The culminating experience for the students was a presentation to VCHI staff and members of VCHI’s Board and advisory Leadership Council, which currently includes leaders from organizations such as Anthem Virginia, Pfizer, 3M Health Information, Community Health Solutions, Sentara Healthcare, among others.
“It was a really valuable experience to speak to leaders in the field,” said David Smith. “Usually, as students, our work and presentations are directed internally at classmates and faculty, which is great for learning and refining skills. But, after graduation, we will be interacting with others on a less familiar basis, often talking to leadership within an organization, and our work with the Schroeder Center presenting to an important audience will help us thrive in the workforce once we leave William & Mary.” Martina Tvrdik added, “sometimes as students we can get caught up in the grades we receive in our classes and forget that we are working towards more than just a good GPA. Preparing to speak to such an accomplished audience allowed us to think beyond the classroom and experience a taste of what the professional field looks like.”

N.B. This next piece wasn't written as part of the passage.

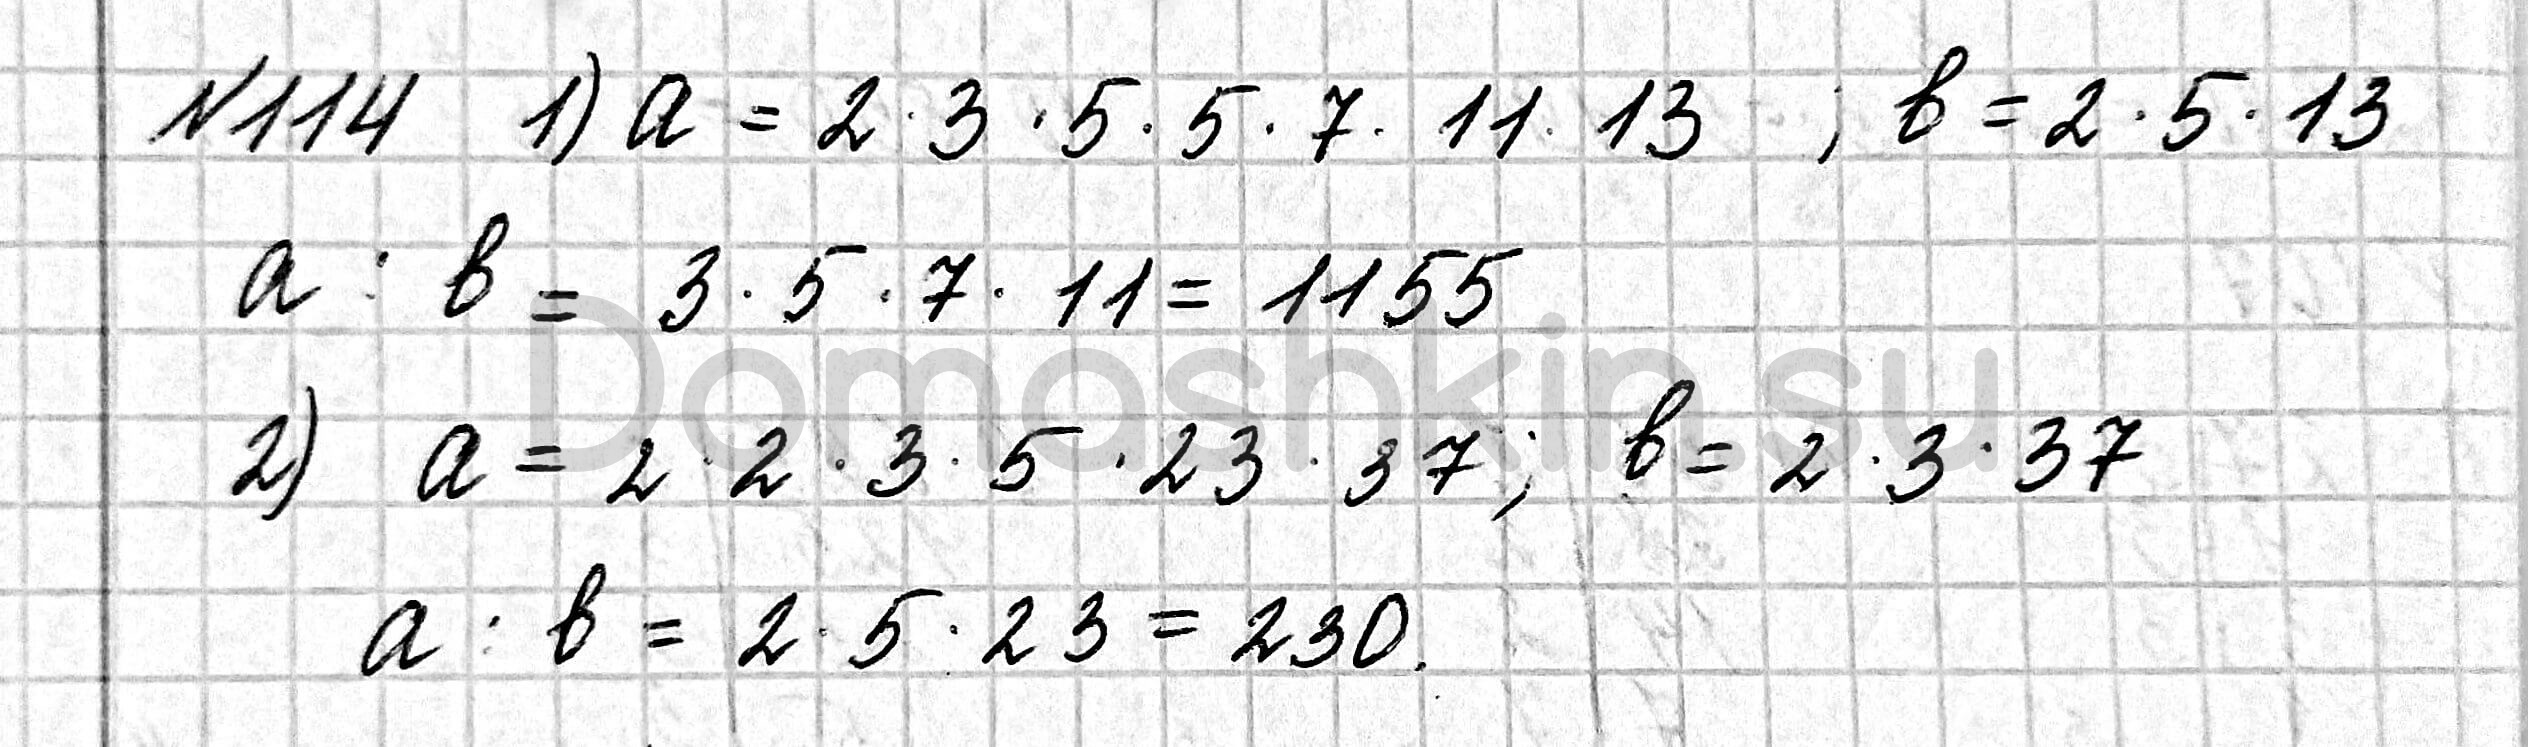 Математика 6 класс учебник Мерзляк номер 114 решение

The presentations were well-received. Margie Fitzgerald, Vaccines Account manager at Pfizer, was in the audience and was impressed by the presentation content and the communication skills. “The students did an incredible job and you can tell so much work went into their presentations,” Fitzgerald said. “Being with Pfizer in the Vaccines Division, I absolutely loved their topics and they focused on so many of the areas that we focus on.” Beth Bortz (‘91 BA; ‘93 MPP), President and CEO of VCHI, was especially grateful. “The students made me proud to be an alum,” Bortz said.
The Schroeder Center is also grateful to Ms. Bortz, who gave so freely of her time and talents to work with the students. As Mellor said, “We couldn’t do this type of authentic learning experience without dedicated partners like Beth. Knowing that their findings have implications for a real organization made the work all the more important to the teams.”